Mater sold Rusty Jones to Beatrice Foods in 1984 and was hired by Beatrice as president of Rusty Jones with a five-year contract. Beatrice mismanaged the company and steeply cut advertising budgets, discontinuing an agreement with NASCAR and allowing the company to lose market share; between 1985 and 1988, the company's distribution network declined from 3,000 new car dealerships to 1,800. In November 1988, the company was purchased from Beatrice by Rustco Inc., a new company formed by Renaissance Holdings, with plans to restructure, continue operations and avoid bankruptcy.

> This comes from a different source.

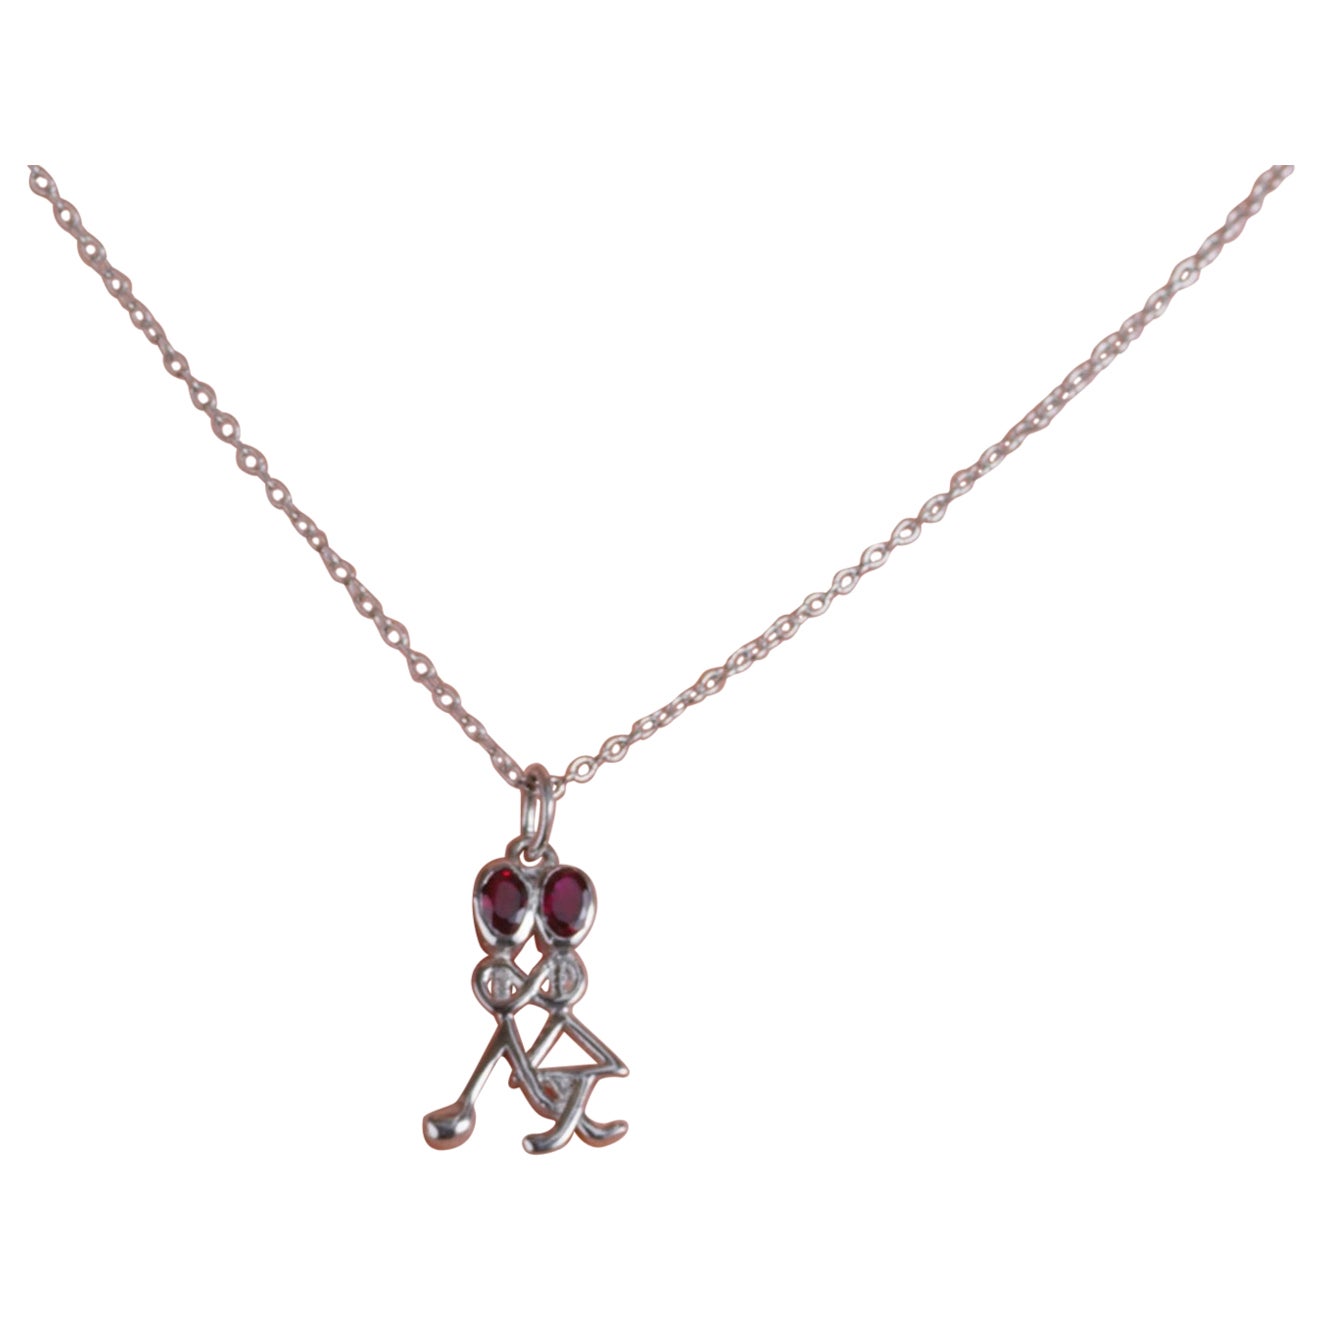 0.24 Carat Total Weight Ruby Sterling Silver Stick Figure Pendant Necklace

However the new owners ultimately filed Chapter 11 bankruptcy protection in December 1988 with the official explanation that automakers' extension of factory warranties against rust had caused business to deteriorate. The company's former director of marketing Bruce Freud also said in 2003 that the company had been "unbelievably profitable", but that its insurance carrier (who serviced the rust warranties on Rusty Jones treated vehicles) filed for bankruptcy, creating problems for the company.